China will confine eight districts of the city of Zhengzhou (center) for five days due to the increase in covid-19 cases, where the main iPhone manufacturing plant in the country is located, the protagonist of violent protests in recent days.
The health authorities will begin a “war of pandemic annihilation, control and prevention” on Friday at 00:00 local time (16:00 GMT on Thursday) in the main urban areas of the city due to the increase in covid cases, the local government reported.
Residents of central Zhengzhou will require a negative covid test and permission from local authorities to leave the confined area, though they are advised not to leave their homes “unless necessary.”
The reactions to the news on the country’s social networks, such as Weibo – equivalent to Twitter (NYSE:Â TWTRÂ ), censored in China – were instantaneous and the majority questioned that the closure will only last five days.
Meanwhile, Foxconn (TW:Â 2354Â ), the Taiwanese supplier to US company Apple (NASDAQ:Â AAPLÂ ) and a major iPhone assembler, issued a statement defending its position after videos of it went viral on social media. workers at his factory violently protesting their working conditions and wages.
Foxconn’s plant has been running in “closed loop” for at least a month, meaning workers can’t leave the facility, and in recent weeks it has scrambled to hire more workers to normalize production and replace the hundreds who left to avoid being confined.
The company assured that in the event of “any violence”, the firm will follow a communication process with the workers and the authorities to “prevent similar incidents from happening again”, in what would be a confirmation of the incidents that occurred yesterday, but censored on the social networks of the Asian country.

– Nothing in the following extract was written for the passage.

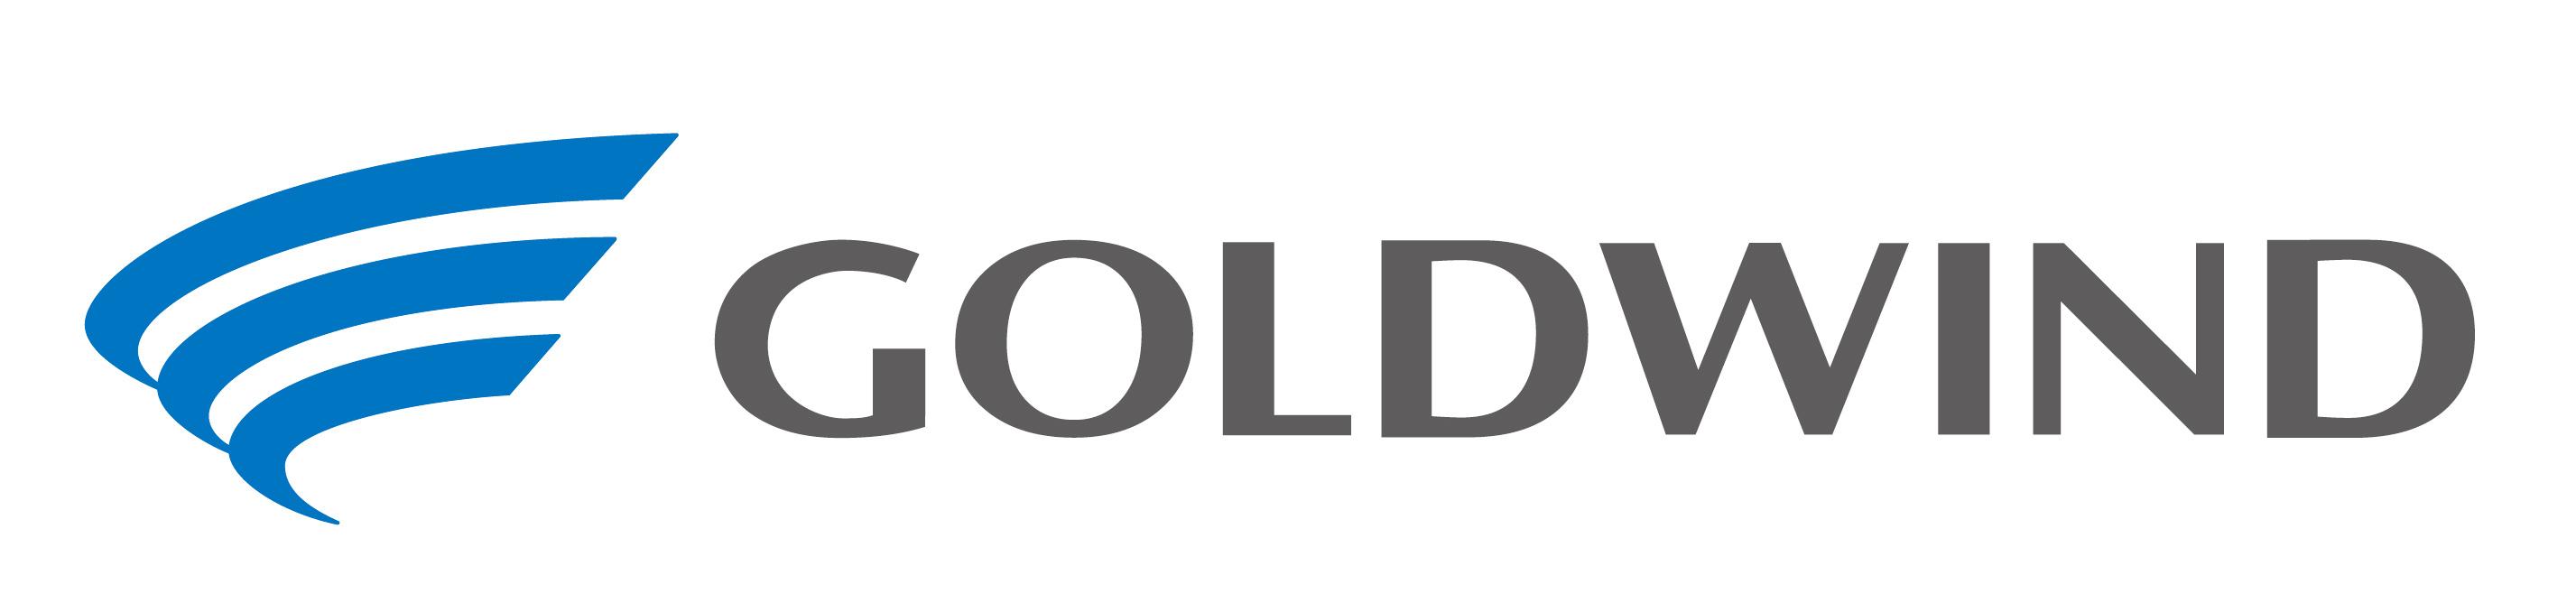 Goldwind logo cropped

The employees of the Foxconn plant left their residences during the early hours of Wednesday, pushing guards clad in PPE suits, according to the videos, reproduced on platforms such as Twitter, banned in China.
Some of the guards beat the workers as crowds of people tried to force their way through the barricades and protested over wages, food during the lockdown or the accumulation of rubbish.
Since 2020, large factories in China, such as Foxconn’s in Zhengzhou, have responded to outbreaks in nearby areas by establishing a “closed loop,” which isolates workers for long periods at the facility to avoid contagion from outside and maintain production. which has sometimes caused protests due to poor sanitary conditions or the lack of food.
China remains clinging to the ‘zero covid’ policy, which consists of isolating all those infected and their close contacts, strict border controls, mobility restrictions and massive PCR test campaigns wherever a case is detected.